Tuesday, March 12, 2013

Film Review: Anna Karenina (2012)

Full credit to director Joe Wright for doing something different to bring to life this classic nineteenth-century novel about infidelity. There have been nearly a dozen adaptations of Tolstoy's novel done over the years, going all the way back to a Greta Garbo-starring version in 1935. What they have in common is that they've all taken a realistic approach: lots of wintery sets and locations, and, as far as possible, every effort's been made to transport the audience to the Russia of 1874. Wright sets the action of the novel almost entirely inside a theatre, and, just like an ambitious, mega-budget theatrical production, he mounts all the big events of the novel (a horse race, balls, train arrivals) inside the theatre. It's a refreshing change from the usual Masterpiece Theatre approach to adapting novels like this for the big and small screens.

The film's theatrical approach is certainly clever and visually arresting, but in the first quarter of the film it almost becomes too distracting; at various points Wright's stylized approach goes a step too far and what looks like a theatre production threatens to become some kind of ghastly Lloyd Weber musical: characters move around the "stage" in a sort of walk/dance, the music rises, and I extended a quivering finger to hit the STOP button in anticipation of Keira Knightley belting out a tune called "I Just Met a Man Named Vronsky." Thankfully, the film settles down and concentrates more on the story and less on the stage trickery.
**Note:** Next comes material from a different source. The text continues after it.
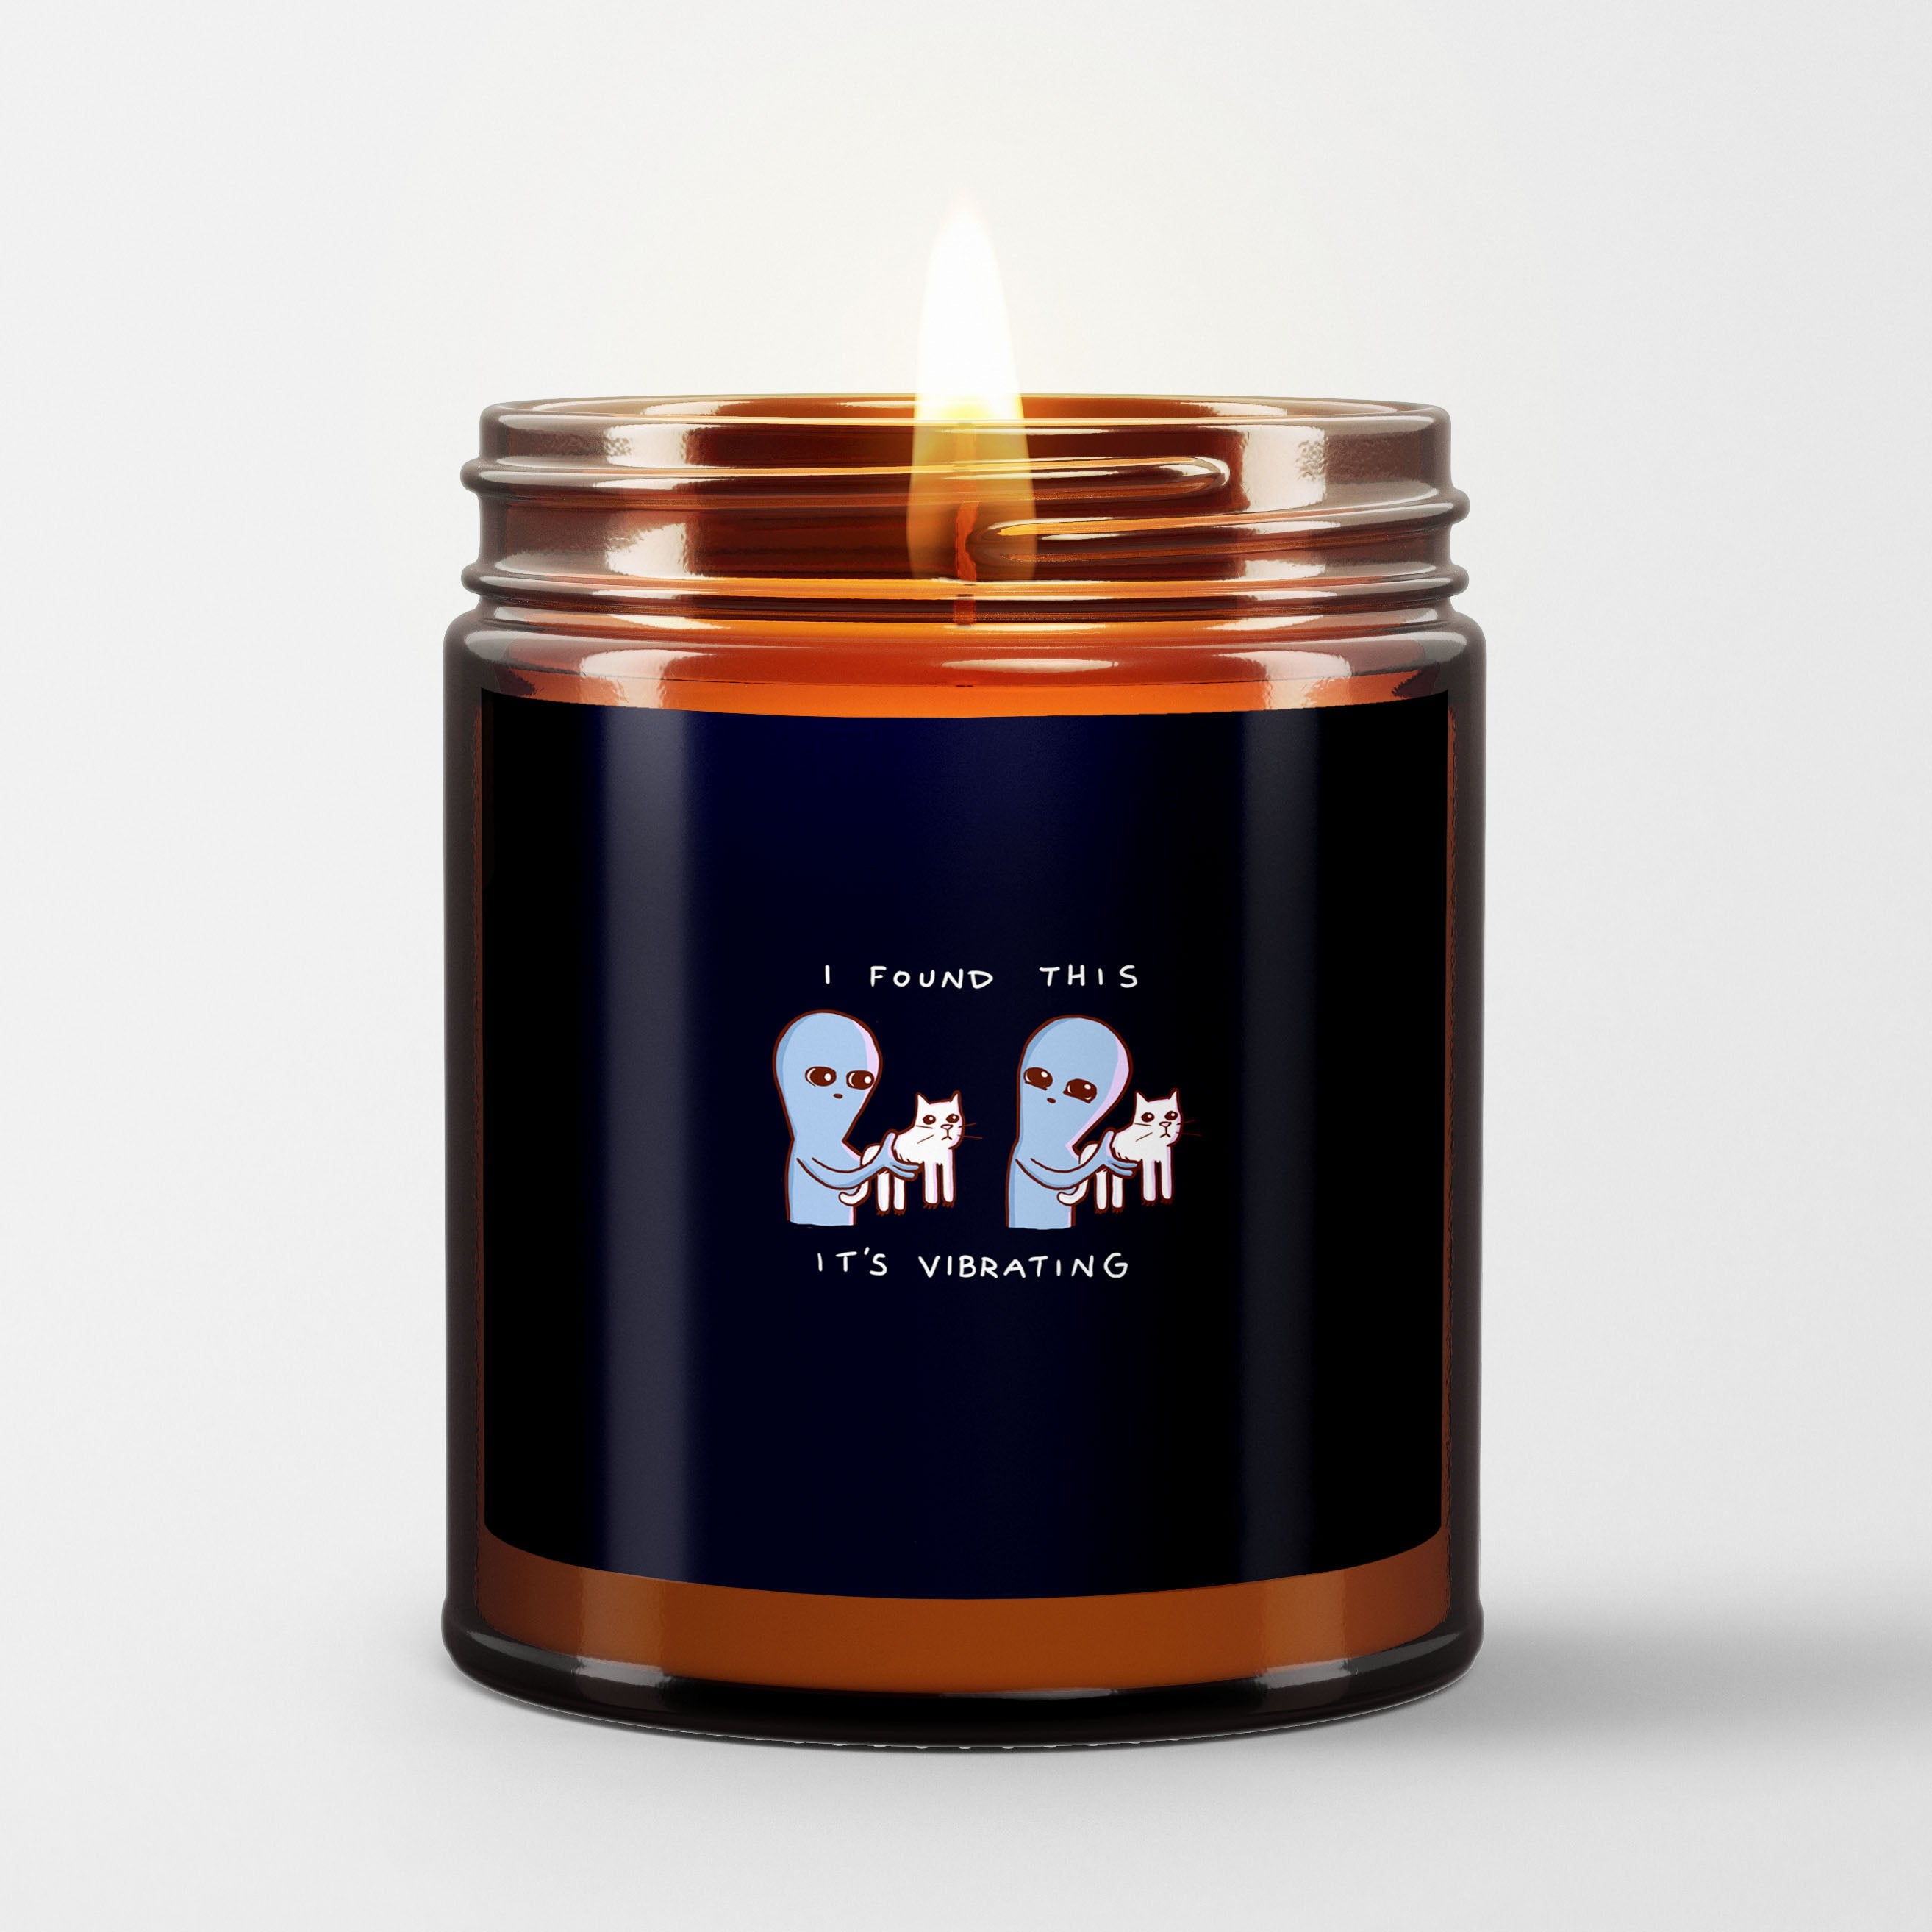 Strange Planet Scented Candle I It's Vibrating | Nathan W Pyle

On the whole this is a decent film version of the novel, mostly held together by the acting of Jude Law as Anna's saintly husband, and Matthew MacFadyen as Oblonsky, Anna's brother. The rest of the cast give polished, professional performances, and then we get to Keira Knightley: she's got acting energy to burn, but her acting is also a distracting combination of the hammy and the hysterical. She's all twitches and manic grins, which works part of the time, but on the whole the performance would have benefited from a leavening of subtlety. But the weakest member of the cast is Aaron Taylor-Johnson as Vronsky. He doesn't bring much to the party except an ability to fill out a period costume in a pleasing manner, and every time Jude Law comes on screen one is reminded that he would have been the first choice to play Vronsky ten or so years ago, and he would have done a far better job. Anna Karenina is worth seeing if only because it gives us a bracing re-imagining of how to translate nineteenth-century literature for the twenty-first.